Marc Trapadoux (1822-1865) est un écrivain aux mœurs et au style excentriques qui apparaît dans plusieurs autres souvenirs de la bohème. Né à Lyon, il vécut dans une grande misère à Paris et mourut aux Incurables. Ce géant lettré, ce colosse très cultivé – ce qui n’était alors pas antithétique –, menait d’interminables conversations philosophico-mystiques avec Jean Wallon et Baudelaire dans les cafés de la bohème. Une anecdote circule d’ailleurs sous différentes formes : une nuit qu’il était tard, il hébergea Baudelaire dans sa misérable chambre et s’en alla dormir sur une chaise dans un placard pour laisser l’unique lit à l’auteur des Fleurs du mal. Contrairement à ce que pense Jules Levallois, Trapadoux est bien l’auteur d’une Histoire de Saint-Jean-de-Dieu en 1844, texte qui comporte des alinéas, mais il ne publia plus guère ensuite, hormis quelques études comme celle sur Mme Adélaïde Ristori (1822-1906), actrice italienne de tragédie d’une grande célébrité. Outre le comédien Rouvière, Trapadoux fréquentait des « romantiques frénétiques » comme Pétrus Borel et Charles Lassailly auxquels nous voudrions consacrer quelques lignes plus tard.

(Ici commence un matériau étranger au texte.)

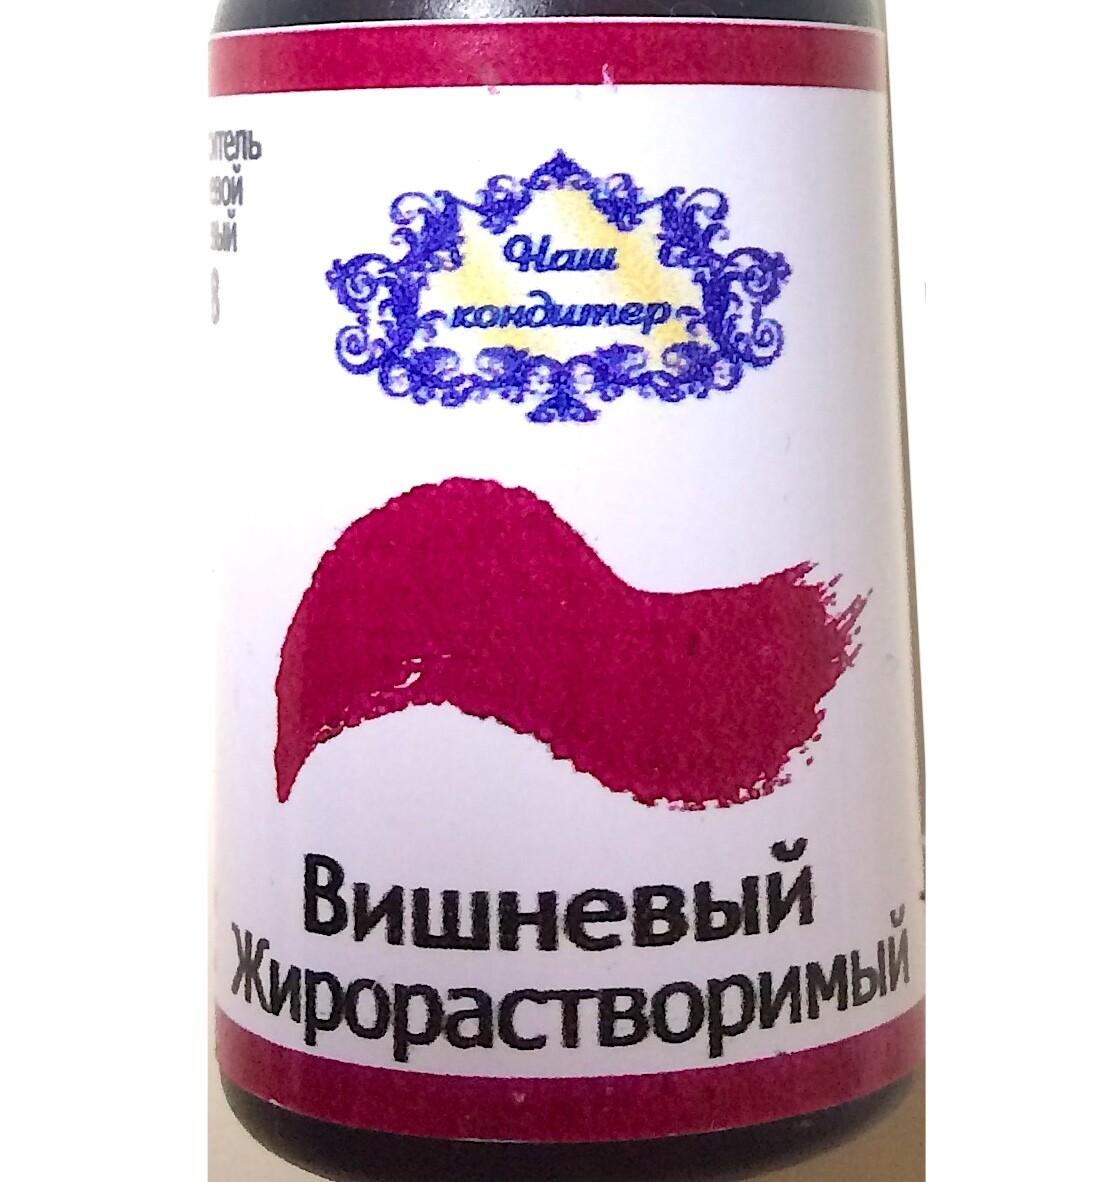 Краситель гелевый ЖИРОрастворимый 20 гр.

Jean Journet (1799-1861) est un étonnant et sympathique personnage, au sein d’un monde lui-même étonnant. Utopiste, un temps pharmacien, poète, d’origine occitane (né à Carcassonne, mort à Toulouse), il se fit l’apôtre des idées de Charles Fourier et prêche « l’harmonie et la fraternité dans l’association » avec une fureur méridionale, en France, en Belgique, en Suisse et même au Texas où il visite la colonie de Victor Considérant. Habitué du café Momus, il fréquente les artistes de son temps comme Dumas, George Sand, Victor Hugo, Gustave Courbet, Nadar qui l’aimait beaucoup, ou Champfleury. Il publie de nombreuses petites brochures aux titres enflammés (Cris et soupirs, Cris suprêmes, Cris d’indignation, Cris de compassion, Cris de délivrance, Clameurs du désert…) qu’il distribue plutôt qu’il ne vend, sans guère convaincre le petit peuple des cafés, étudiants et artistes. Tous ses revenus passent à défendre la Cause, au grand désespoir de son épouse… Sa photographie par Nadar le montre hirsute, pourvu d’une barbe inculte, les yeux au ciel dans une attitude mystique, enveloppé d’un manteau qui semble une bure monastique et on l’entend presque traiter en hurlant les indifférents d’« impossibilistes pacifiques » ou de « sybarites gorgés » !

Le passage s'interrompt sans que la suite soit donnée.